**Work instruction**: Only the lines in the entries below from the line with "Zerbrochenen stern Post" to the line with "Marracash - Marracash", both included, belong in the answer, transcribed exactly and without pictures.

**Data under study**:
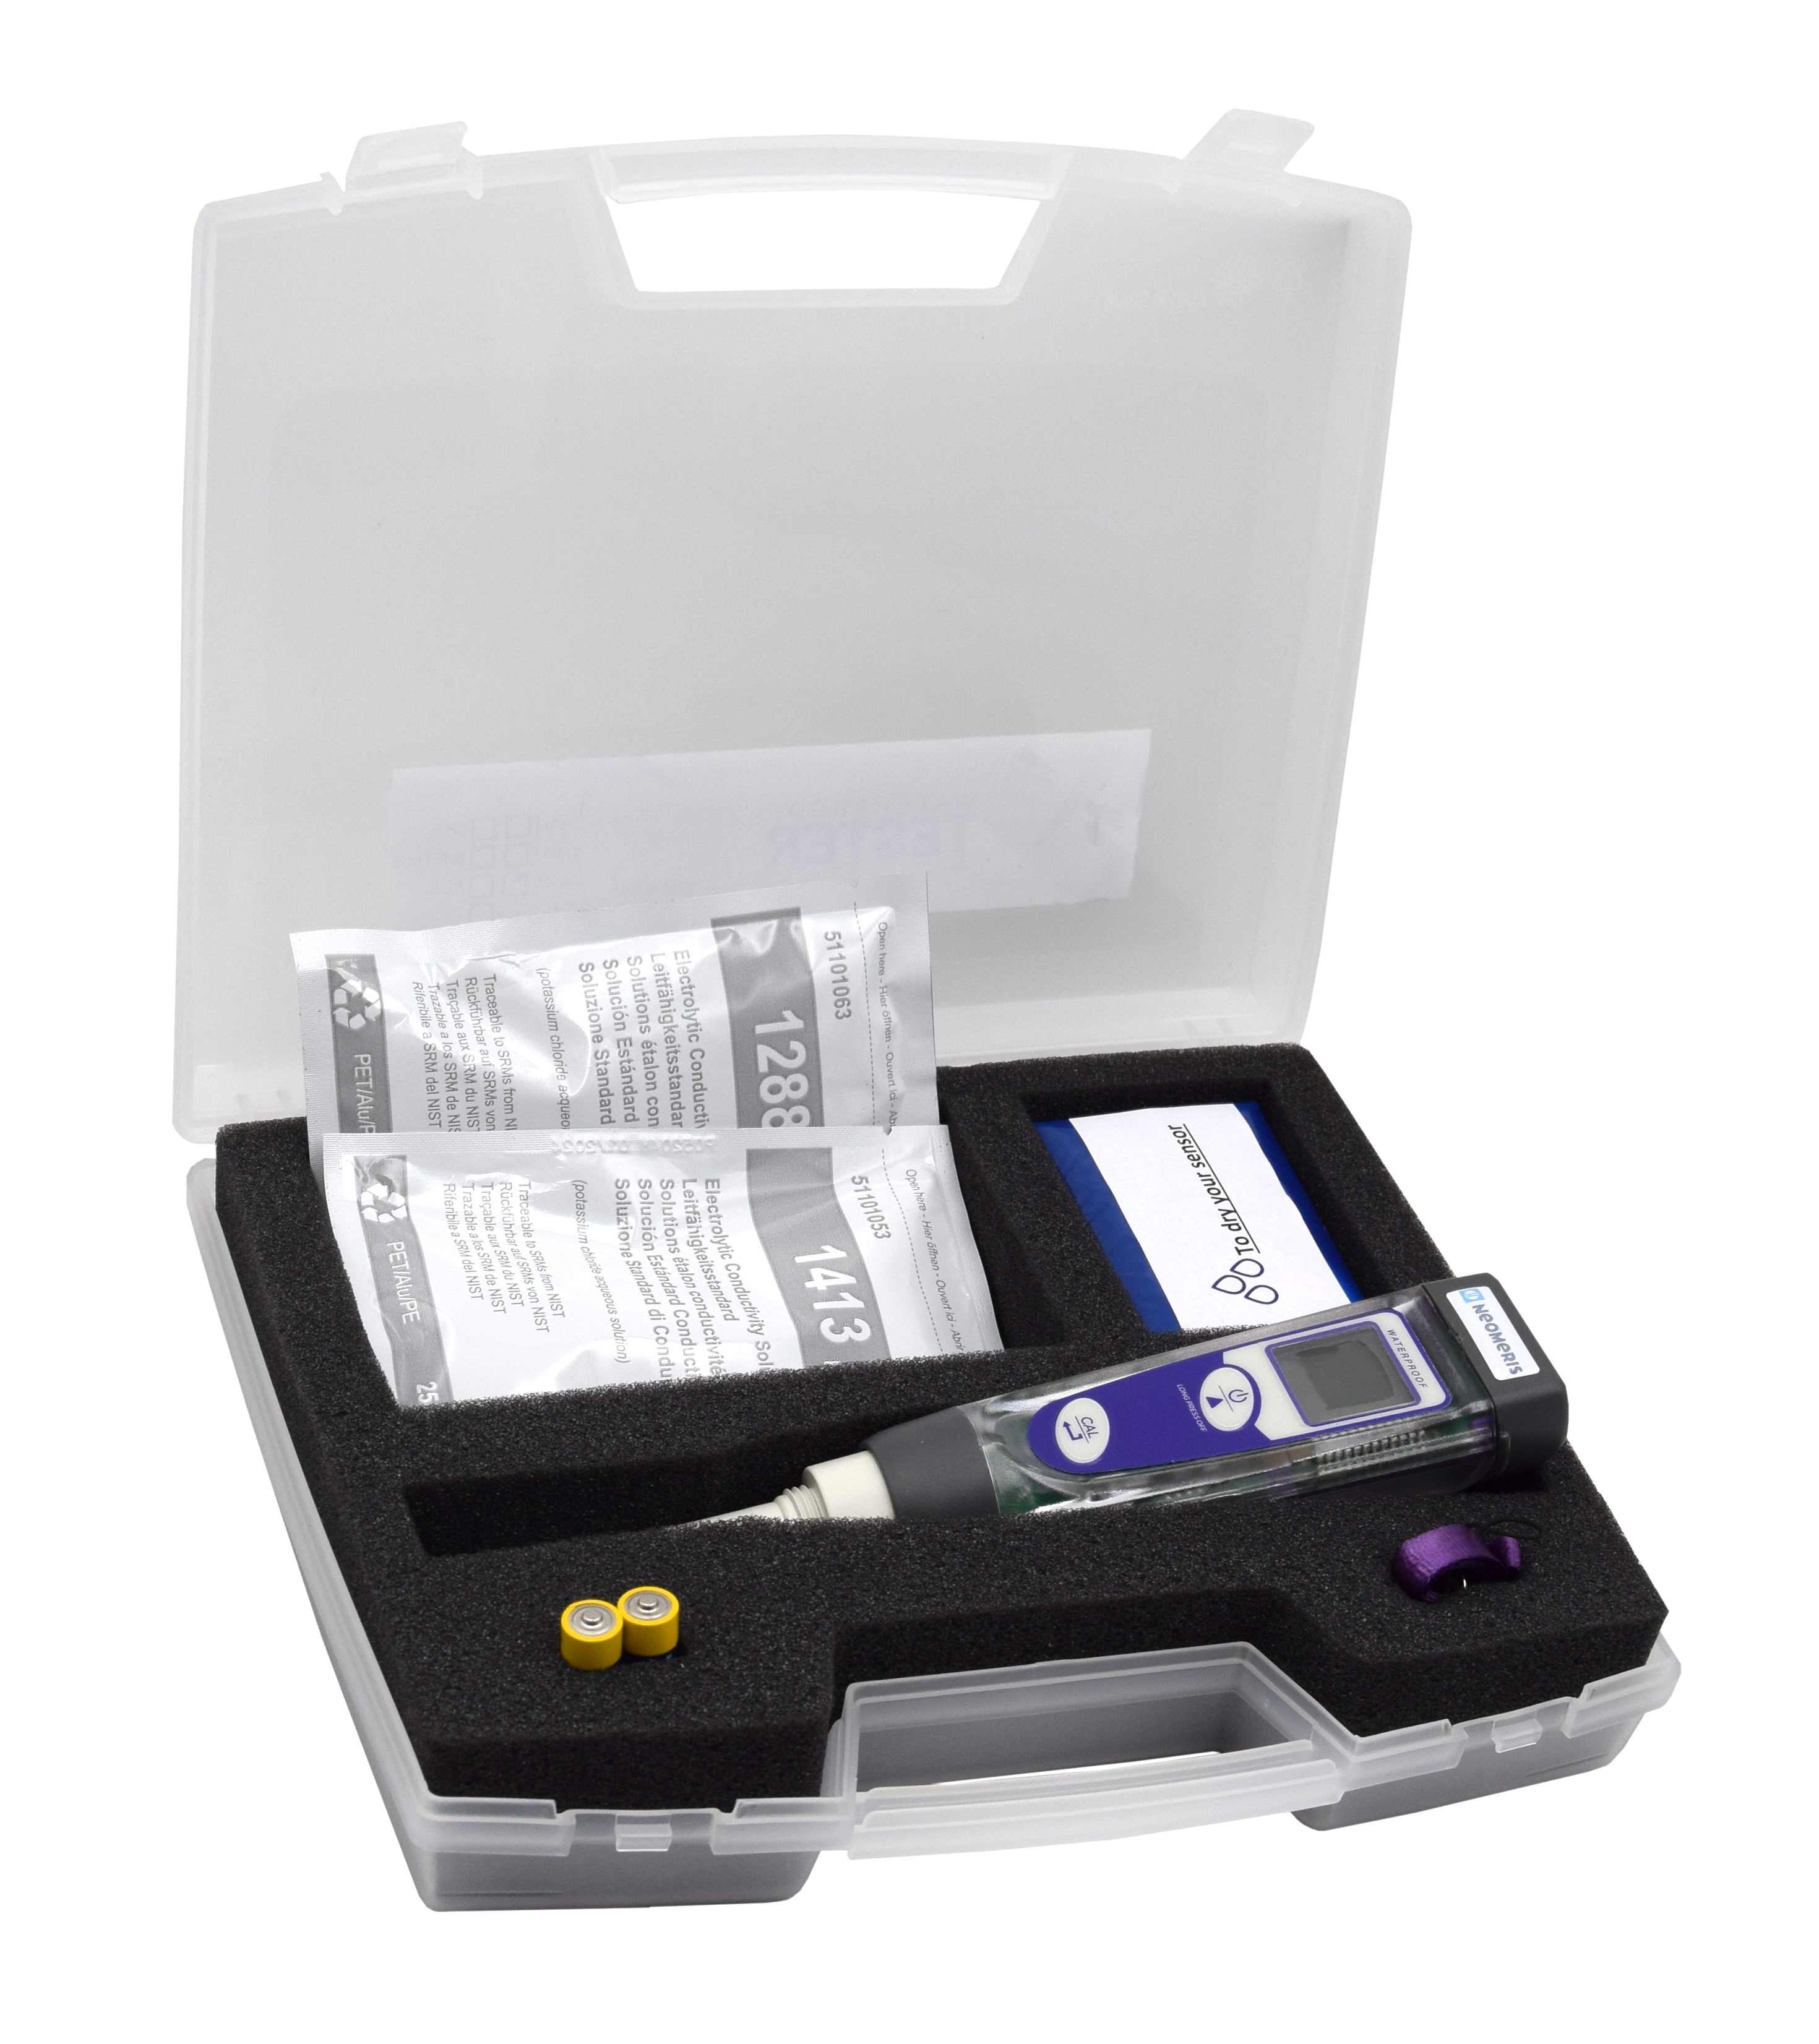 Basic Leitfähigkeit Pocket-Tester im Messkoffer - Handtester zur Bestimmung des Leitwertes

...

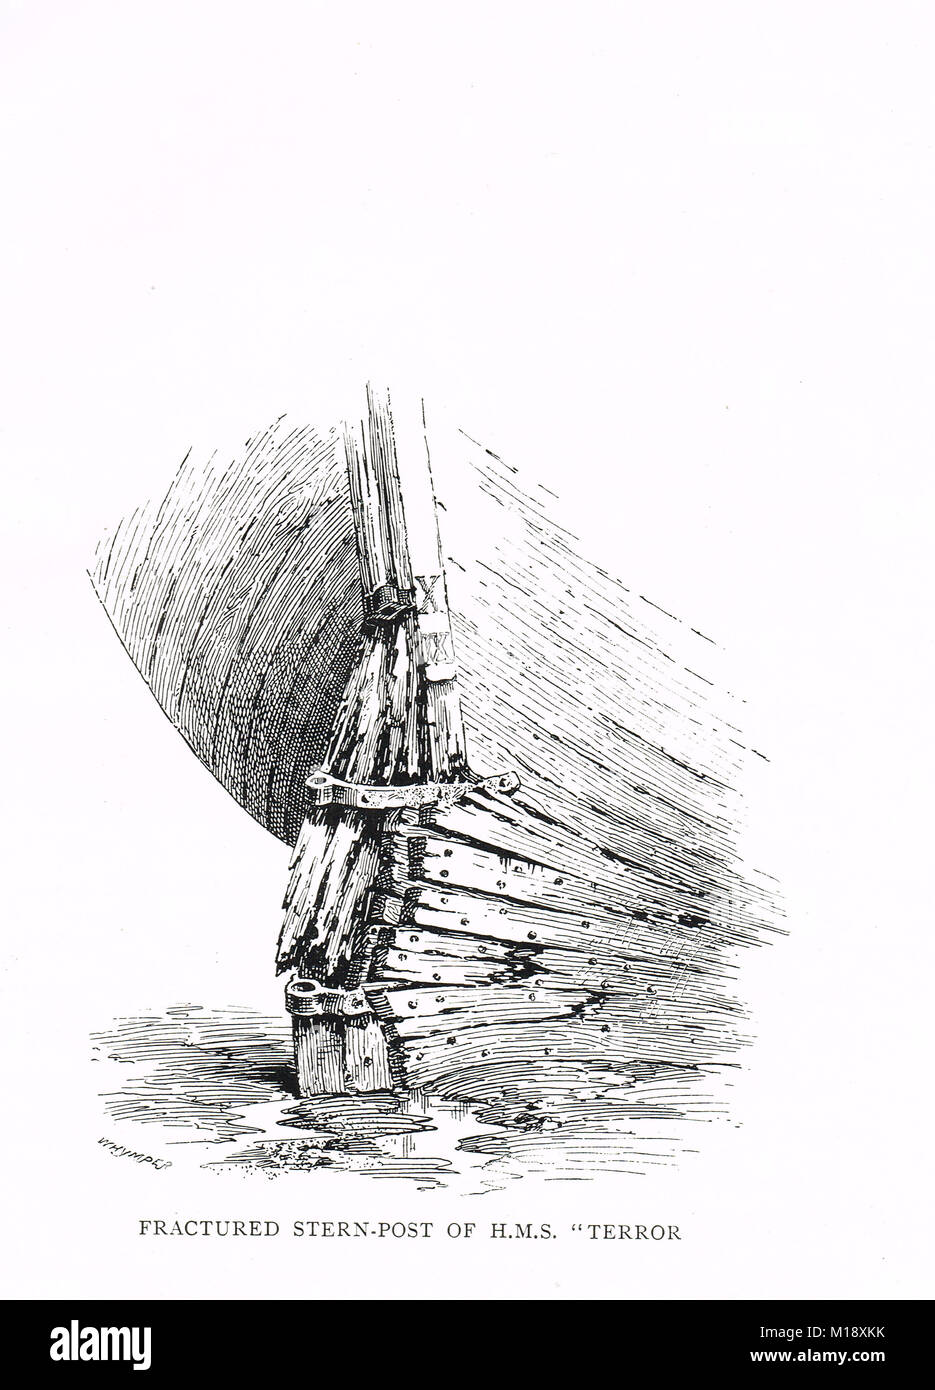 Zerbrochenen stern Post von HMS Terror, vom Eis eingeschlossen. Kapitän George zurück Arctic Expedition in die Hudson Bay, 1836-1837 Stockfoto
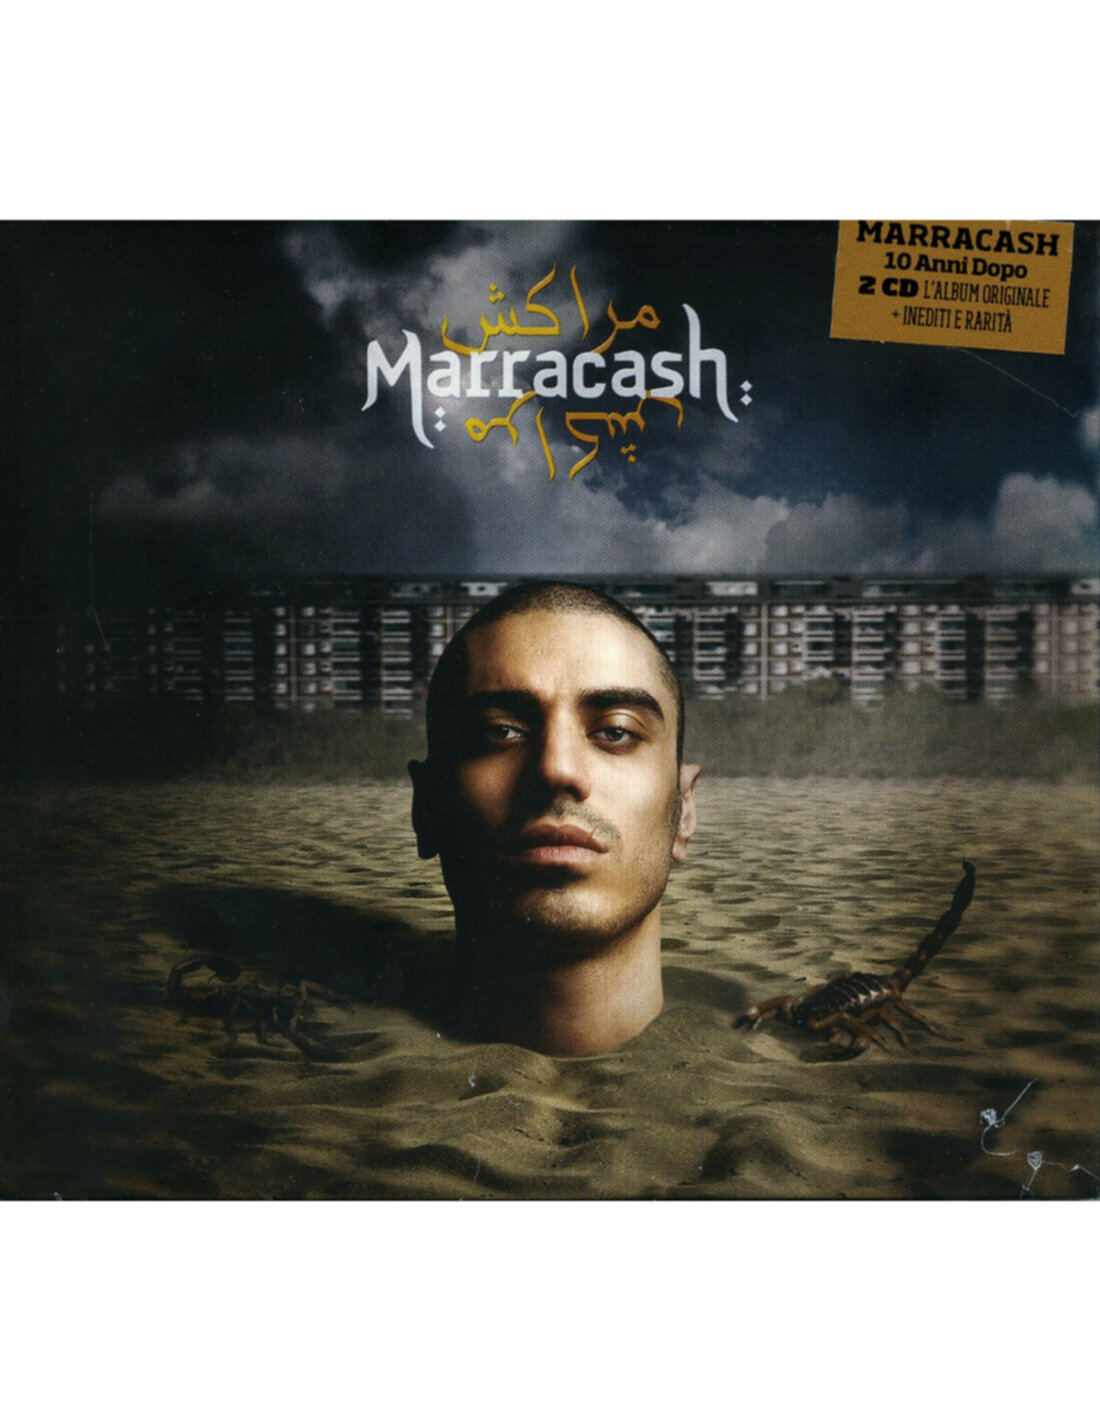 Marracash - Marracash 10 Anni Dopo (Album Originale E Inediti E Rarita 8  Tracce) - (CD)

...

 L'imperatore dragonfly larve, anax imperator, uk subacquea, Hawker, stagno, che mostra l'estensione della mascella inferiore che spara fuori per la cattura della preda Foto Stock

**Exercise output**:
 Zerbrochenen stern Post von HMS Terror, vom Eis eingeschlossen. Kapitän George zurück Arctic Expedition in die Hudson Bay, 1836-1837 Stockfoto
 Marracash - Marracash 10 Anni Dopo (Album Originale E Inediti E Rarita 8  Tracce) - (CD)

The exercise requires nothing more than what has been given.